Why Do So Many Grateful Dead Fans Wind Up Murdered or Missing?

A new podcast aims to find out

Grateful Dead
The Grateful Dead perform at Winterland on June 8, 1977 in San Francisco, California. (Photo by Ed Perlstein/Redferns/Getty Images)
Redferns

When we think of Deadheads, we tend to think of genteel hippies preaching peace and love. But as a new podcast called Dead and Gone points out, there’s an underlying darkness at play thanks to the fact that a surprising number of Grateful Dead fans have tragically disappeared from shows by the band or even wound up murdered over the years.

Hosted by Jake Brennan and Payne Lindsey, the podcast explores some of the many unsolved mysteries related to Deadheads, as well as offering a broader look at how, as The Daily Beast puts it, “susceptible Deadheads, in their free-wheeling nature, have been to predation.”

“Not to sound like an authoritarian square,” Brennan told the publication. “And the Grateful Dead, obviously, they didn’t have anything to do with this and we’re not casting blame on them. But they live and they preach this super anti-authority lifestyle, even after they became an institution themselves. Being a Deadhead and traveling on the road following the band was all about living outside of the bounds of society, and there’s a lawlessness that goes along with that. It’s ultimately part of what contributed to this environment of vulnerability where people went missing and lost their lives.”

But to be clear, the podcast isn’t arguing that there’s some serial killer on the loose who has been targeting Grateful Dead fans for decades. The real connection between the cases comes from their shared community.

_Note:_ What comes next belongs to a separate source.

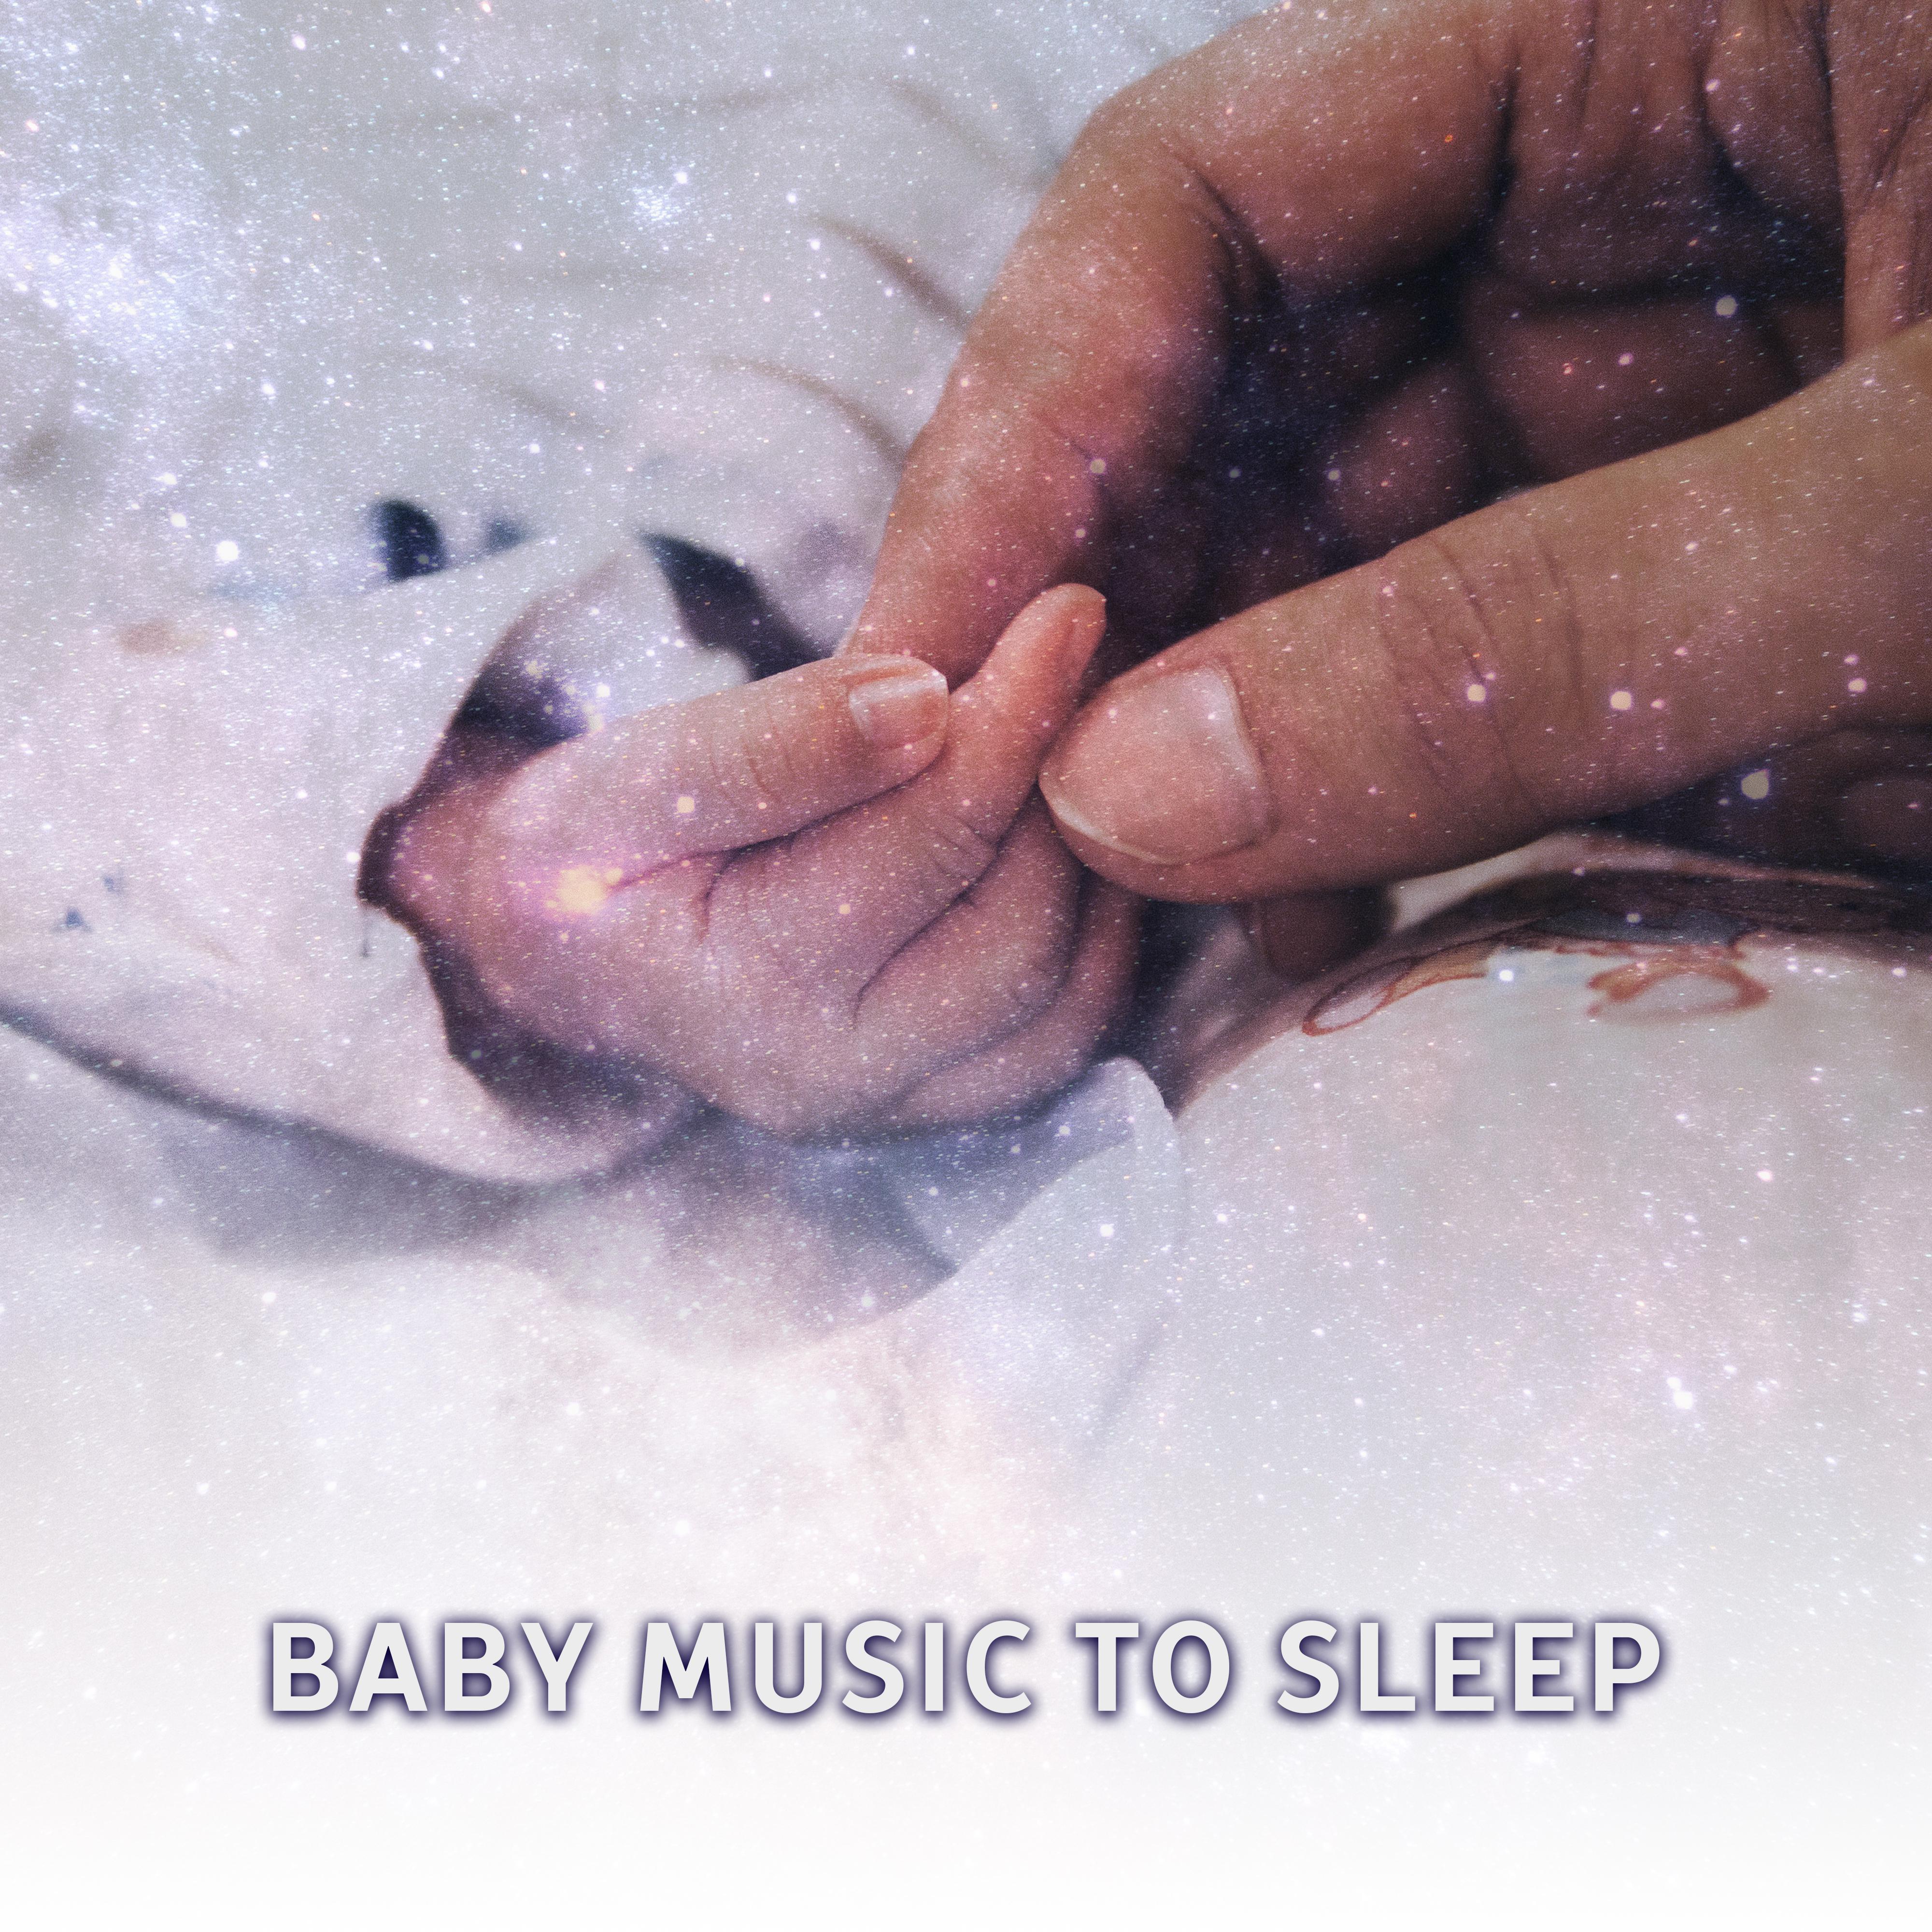 Baby Music to Sleep  Healing Lullabies, Sweet Dreams, Soothing Nature Sounds for Sleep, Relaxation, Baby Dreams, Soft Music at Goodnight
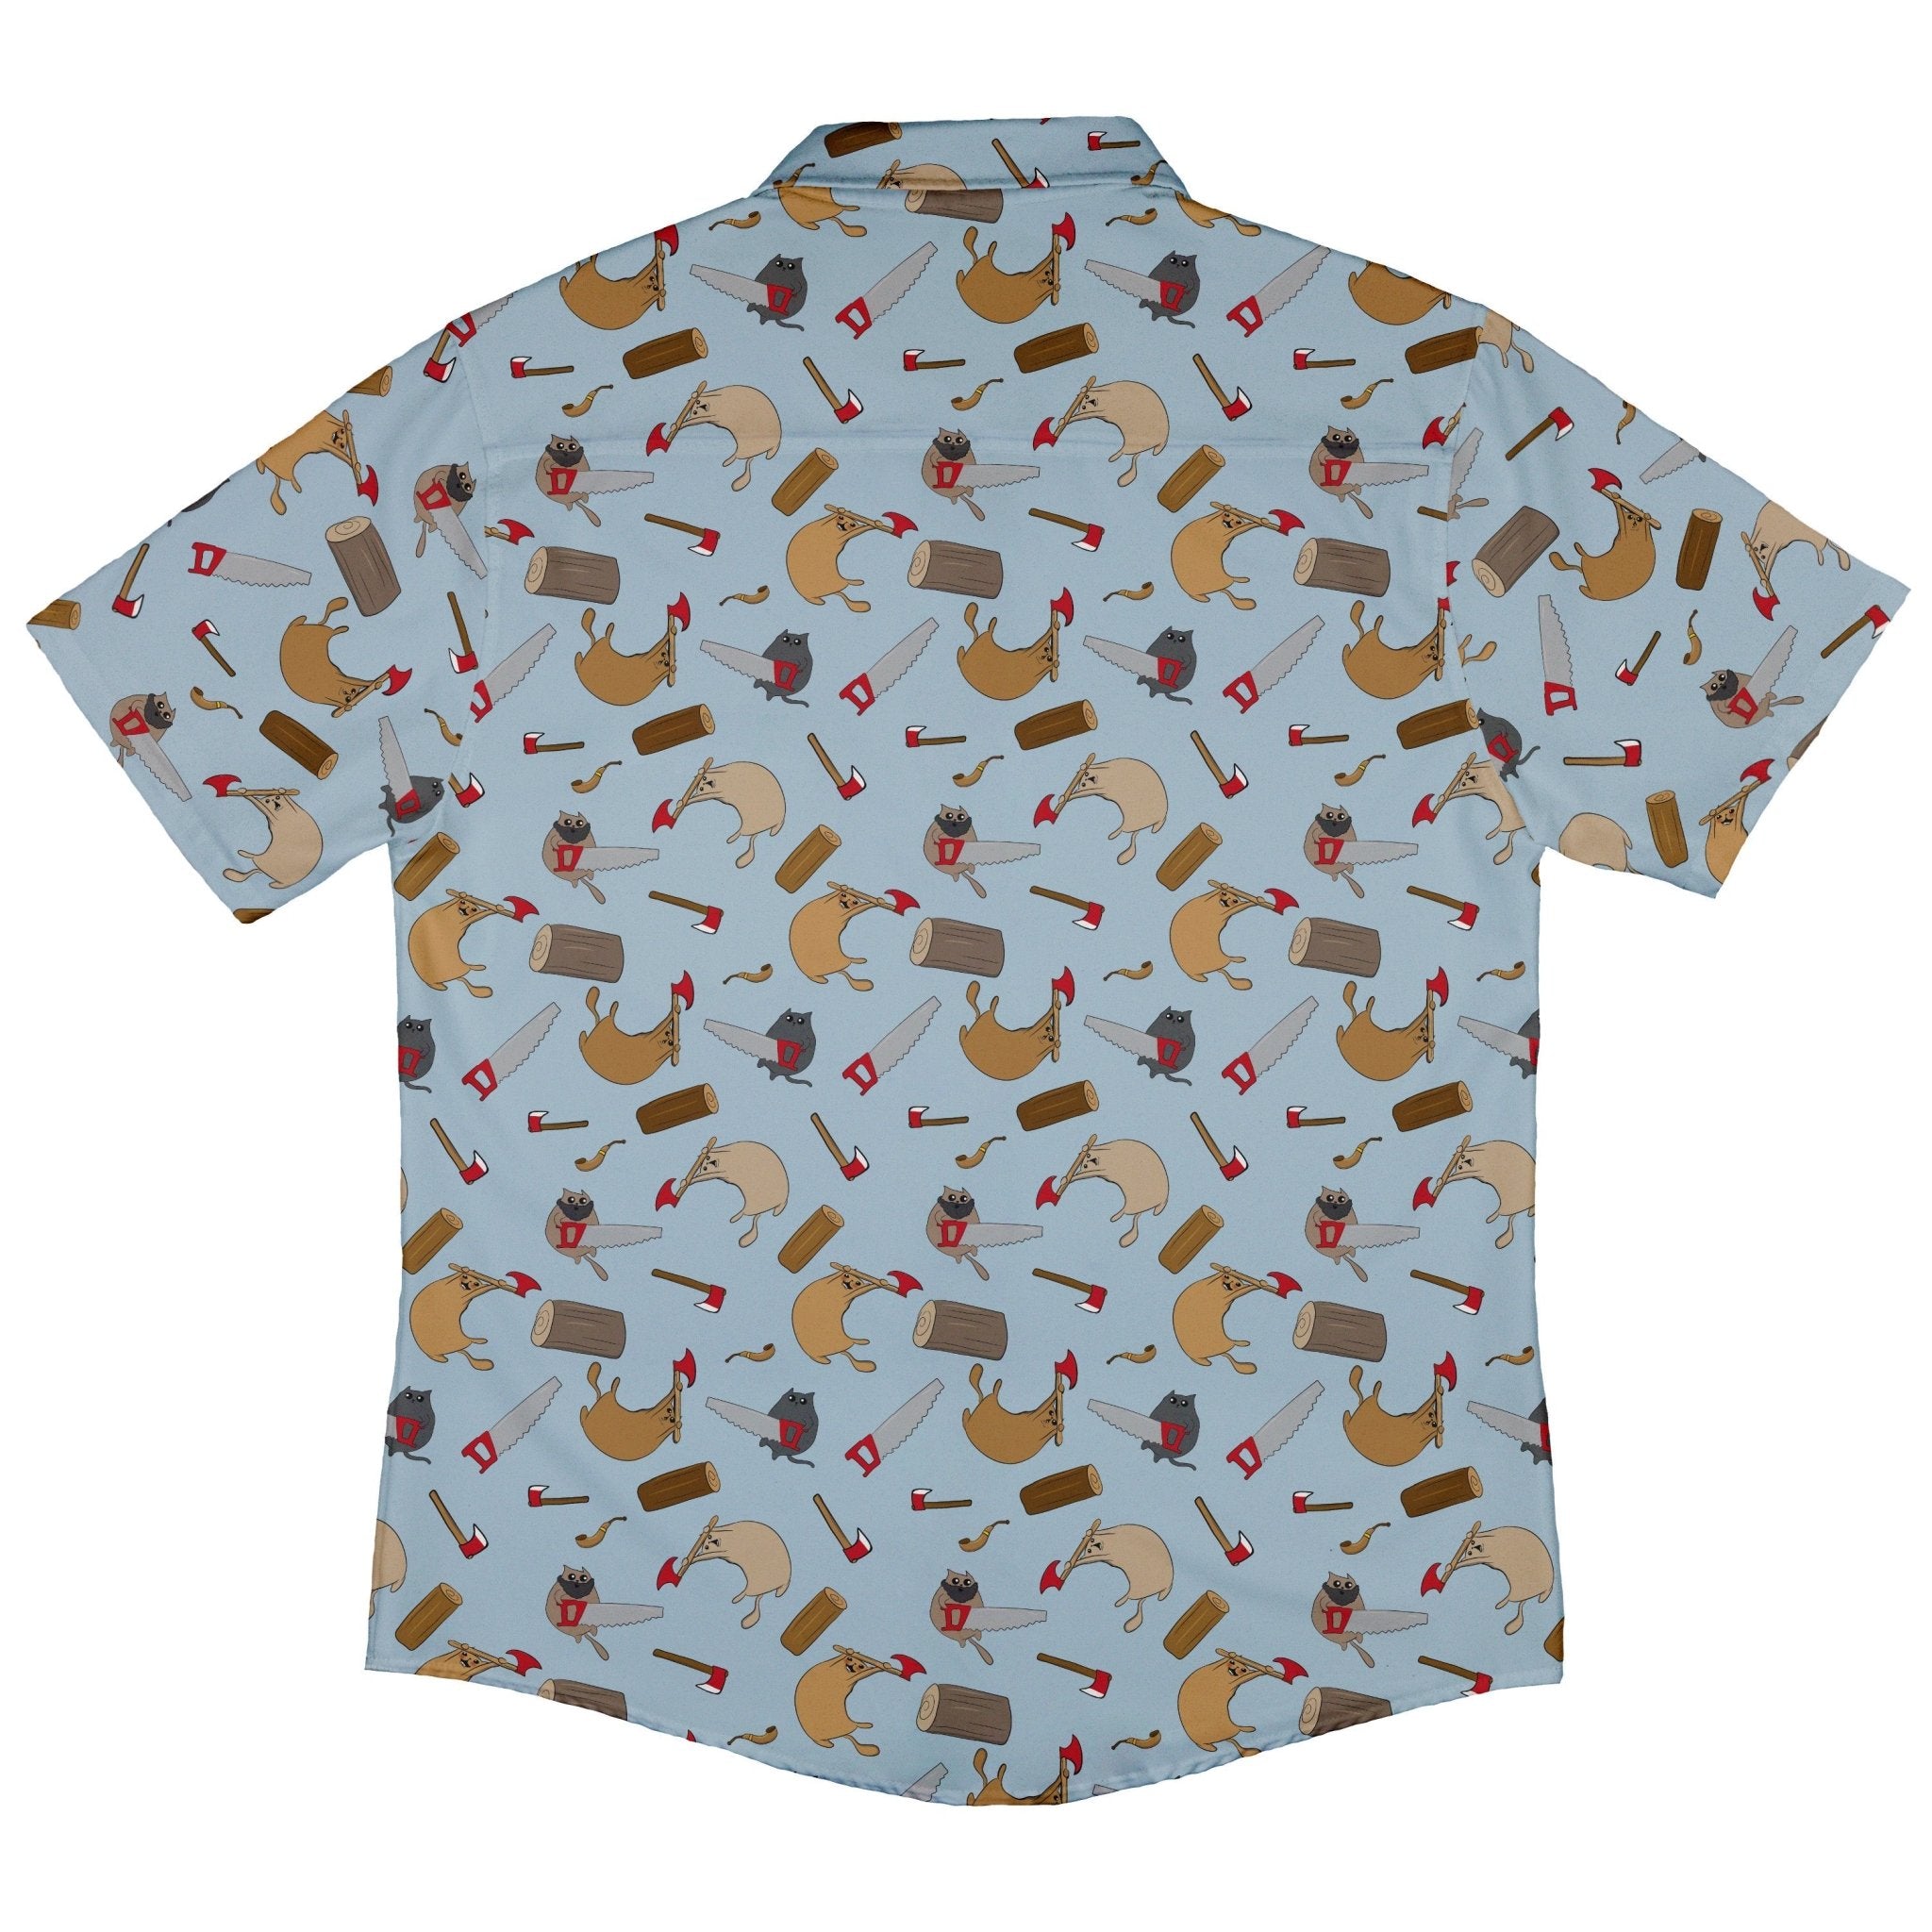 Exploding Kittens Lumber Cats Button Up Shirt - adult sizing - Animal Patterns - board game print

“The real commonality is this sort of vulnerability that exists in a lot of different subsets of people,” Lindsey said. “The importance of this whole thing is that, by bundling them all together like that and giving them a moniker, it creates this commonality that is noticed. And so people who are part of the Grateful Dead world will see this, and they’re likely the people who could help solve it.”